According to its latest financials, Tencent’s equity investments in those portfolio companies were worth 601.9 billion yuan ($88 billion) at the end of June. In addition to Meituan, its other major holdings in Hong-Kong-listed companies include China Literature (0772.HK), Kuaishou (1024.HK), Bilibili (NASDAQ:BILI) and Nio (NYSE:NIO), which were collectively worth more than HK$100 billion ($12.8 billion). Its major U.S.-listed portfolio companies include Sea Ltd. (NYSE:SE), Pinduoduo and Tencent Music (NYSE:TME), with Tencent’s stakes in those companies worth $7.39 billion, $8.97 billion and $3.78 billion, respectively. The market is concerned that these stocks may be next on Tencent’s chopping block, potentially depriving them of a key backer.
The biggest concern for investors right now is the sheer uncertainty. The potential for a divestment could weigh on any of Tencent’s portfolio stocks, creating a major overhang. The big elephant in the room driving the divestments is Beijing’s relentless efforts to contain wild investment sprees of recent years. The Covid-induced economic slowdown has also made companies like Tencent that invested across a wide range of industries especially vulnerable. That was partly responsible for the company’s disappointing second-quarter results.

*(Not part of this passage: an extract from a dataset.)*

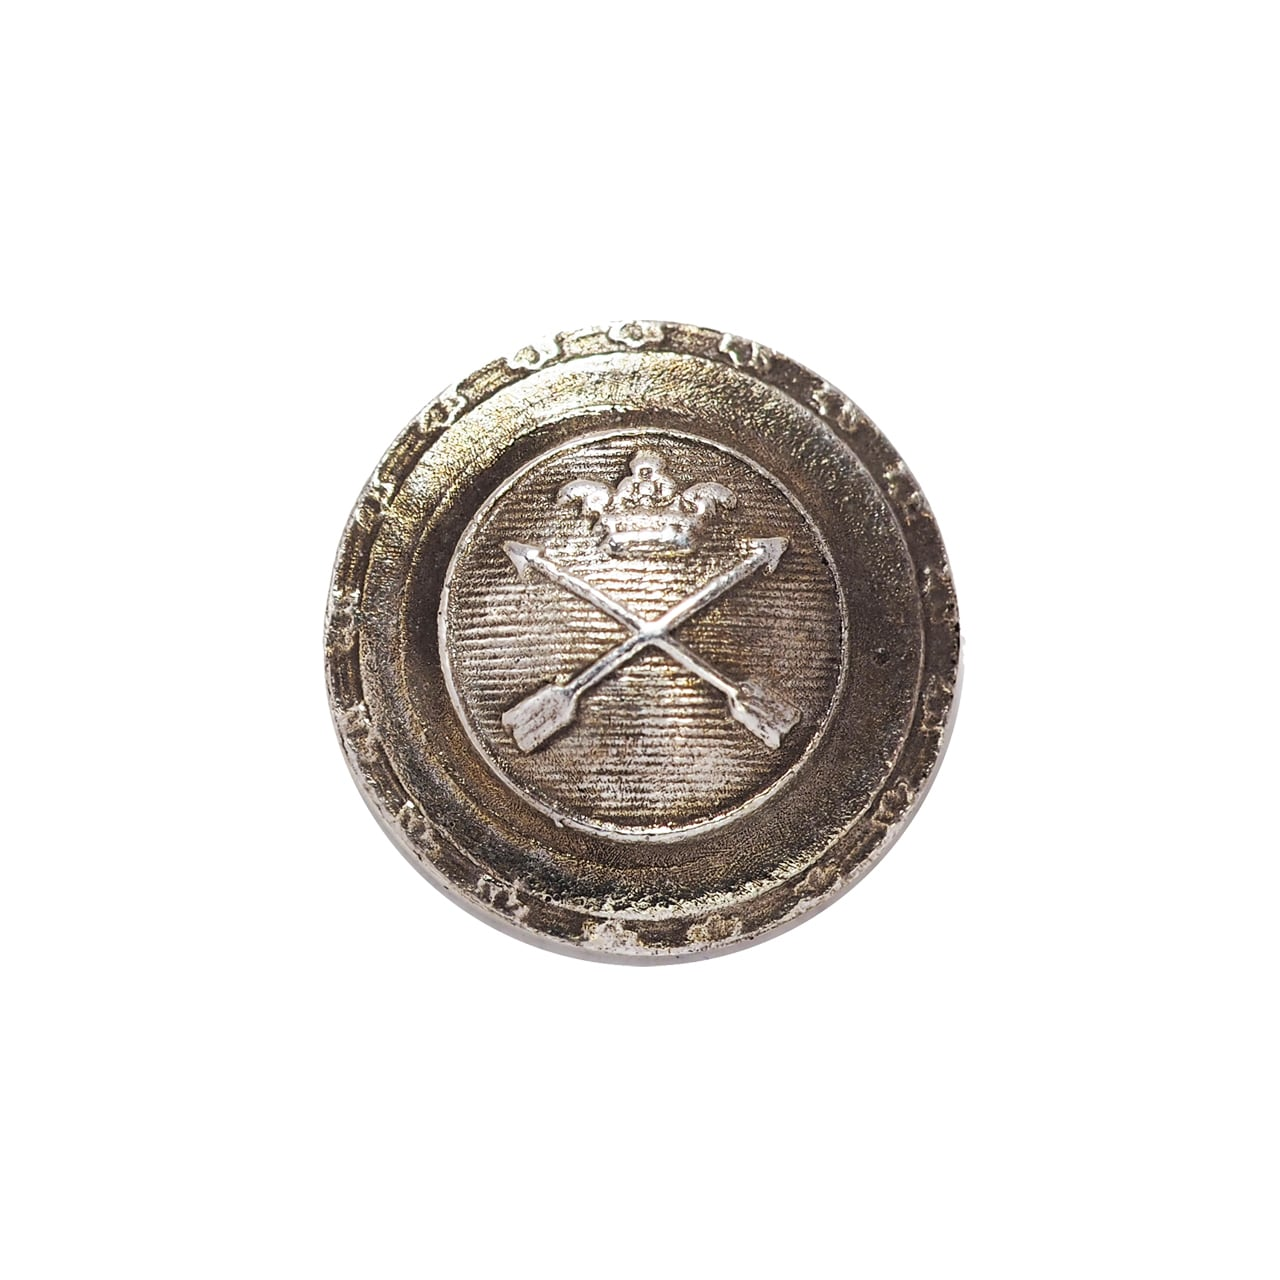 サークルクラウンアロー SS シルバー / コンチョボタン

First-ever revenue decline
Tencent’s revenue declined for the first time in the second quarter since its IPO in 2004, falling 1% quarter-on-quarter and 3% year-on-year to 134 billion yuan. It blamed the decline mostly on setbacks for two of its key operations: value-added services and online advertising. The latter’s revenue tumbled 18.4% due to the adverse effects of China’s economic downturn on companies’ advertising budgets.
The weak revenue, combined with rising administrative expenses and tumbling values in its investment portfolio, caused its second-quarter profit to fall 56% year-on-year to 18.6 billion yuan.
UOB Kay Hian’s Yeung believes that investors are most concerned over declining revenue for Tencent’s key games including “Honor of Kings,” “Moonlight Blade” and “League of Legends” which are weighing on its overall gaming revenue.
As Tencent’s gaming business flags after years of breakneck growth, President Martin Lau said the company introduced several cost-cutting measures last quarter, including laying off more than 5,000 employees and lowering the average monthly remuneration of its employees to 82,900 yuan, a reduction of 900 yuan.
With the potential sale of a large stake held by early backer Naspers as a major overhang, Tencent’s own stock has been struggling at a price of around HK$300 for the last month with a price-to-earnings (P/E) ratio of just 10.7 times. Management emphasized at the latest analyst meeting that the stock was severely undervalued, and thus it would resume share buybacks. Whether that will help to support the sagging stock remains to be seen.